RULE 2：IOSEEKTIM has no business with #CPUCYCLES.

3.2.     Tables statistics data

Here is the table statistics data: data block number under HWM (we will call it data blocks, TABBLKS); the number of records in table, TABROWS and the average length of table rows, AVGLEN. Base on the same methods, we can found AVGLEN will not impact on COST_CPU.

3.2.1.               TABROWS

We use dbms_stats.set_table_stats to modify TABROWS and compare the changes:

TABROWS

Table Scan Cost_cpu

CPU_A

CPU_B

10000

2542429

2400000

142429

20000

4942429

4800000

142429

40000

9742429

9600000

142429

80000

19342429

19200000

142429

We can see it changes is linear, then I draw curves:

We can see that it is a slash, which means there is a proportional relationship between them in! We can solve the system of linear equations of two unknowns:

10000*X + Z = 2542429        … …   (1)

20000*X + Z = 4942429        … …   (2)

(2) – (1) =>

10000*X = 2400000

=>

X = 2400000 / 10000 = 240

=>

Z = 142429

Here we get the first formula:

Formula 1: COST_CPU = 240 * TABROWS + 142429

Among it:

CPU_A：240 * TABROWS

CPU_B：142429

Put 40000 and 80000 we not used in deducing process into the formula, the result is same as in trace file.
However, 240 &142429 should not be 2 simple constants, they must be subject to the remaining factors, we deduced how the other factors work in these 2 constants. According to formula one, in follow process, I will divide COST_CPU into two parts, tentatively called CPU_A, CPU_B (see above form).

3.2.2.               TABBLKS

Continue work on TABBLKS：

TABBLKS

Table Scan Cost_cpu

CPU_A

CPU_B

10

2471214

2400000

71214

20

2542429

2400000

142429

40

2684858

2400000

284858

80

2969715

2400000

569715

Basically, changes at here is also linear. There is some deviations occur, we assume it was caused by ROUNDING. We first divide baseline data (TABBLKS = 20) into A, B part, following this rule, continue divide the other data and found that CPU_B is linear. Here we get an assumptions 1: TABROWS will only affect on CPU_A part, not on CPU_B.

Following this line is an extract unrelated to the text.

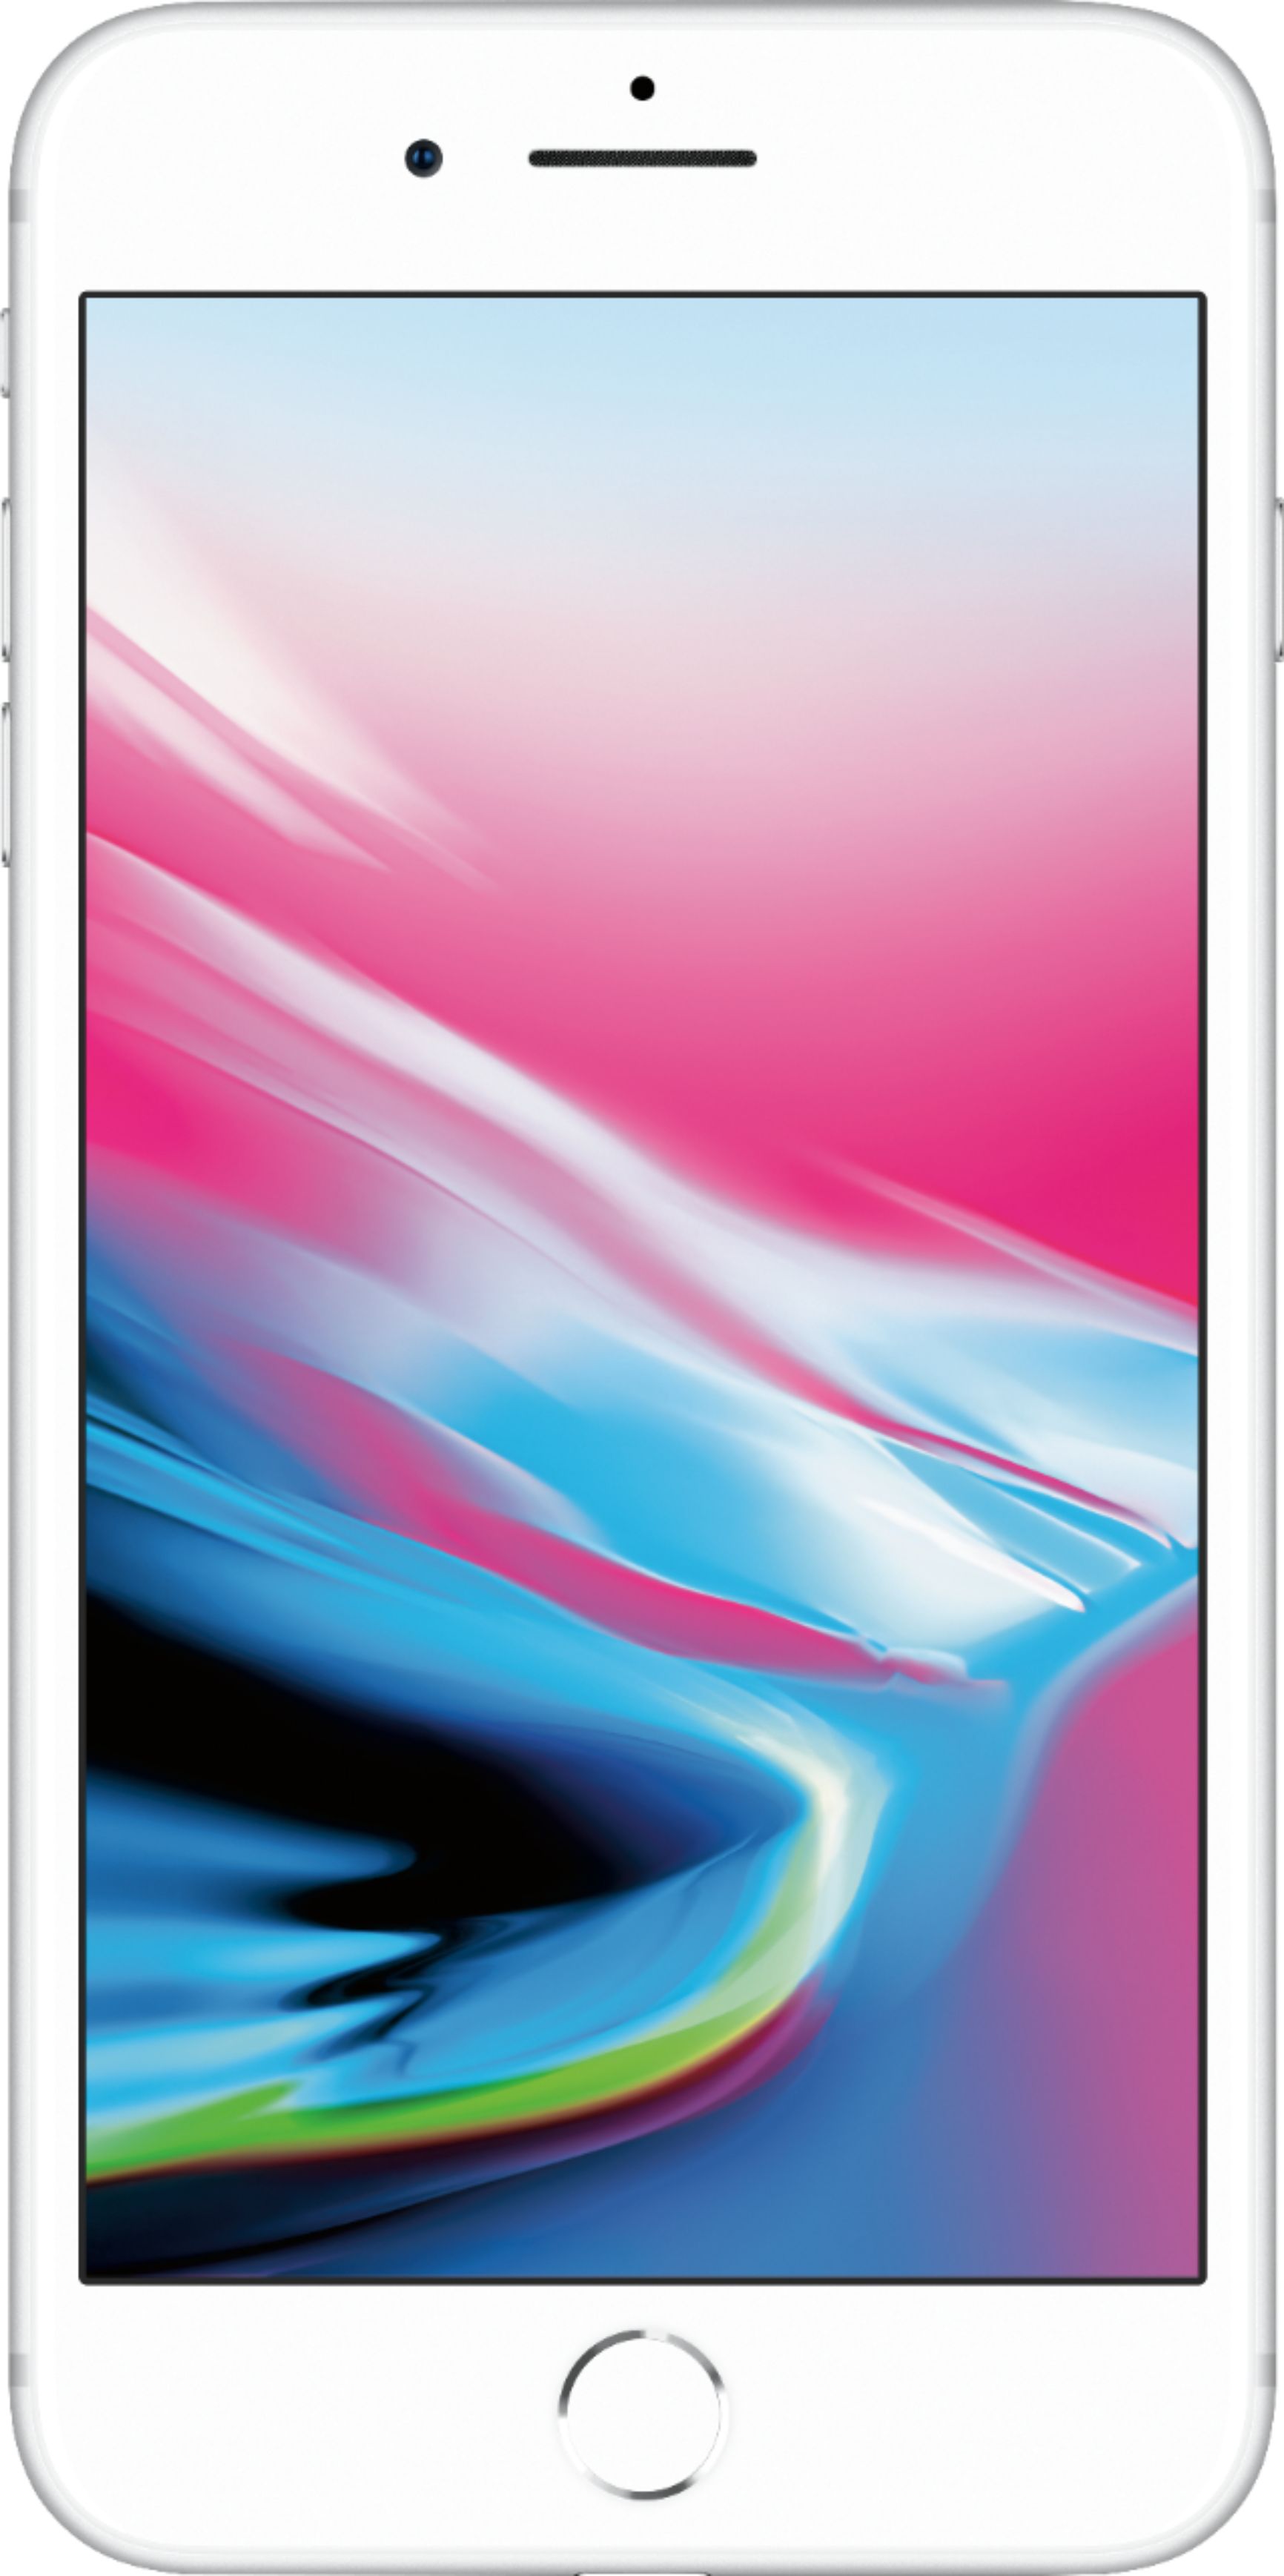 Apple iPhone 8 Plus 64GB Silver (Sprint) MQ8E2LL/A - Best Buy

Solve the linear equations of one unknown (TABROWS here is 10000):

240 * 10000 + X * 10 = 2471214

=>

X = 7121.4

The second formula is obtained:

Formula 2: COST_CPU = 240 * TABROWS + 7121.4 * TABBLKS

Among it：

CPU_A：240 * TABROWS

CPU_B：7121.4 * TABBLKS

As this formula is based on the assumption that before, in order to prove this assumption, I will try number of other TABBLKS into the equation, the results are in line, we deem the assumption is valid.

3.3.     System parameters

There are some parameters will affect the cost computing. However, through the above-mentioned method, I found that the most of parameters does not affect the COST_CPU in Full Table Scan, including _cpu_to_io, _db_file_optimizer_read_count and so on. The only effective parameter is _optimizer_block_size.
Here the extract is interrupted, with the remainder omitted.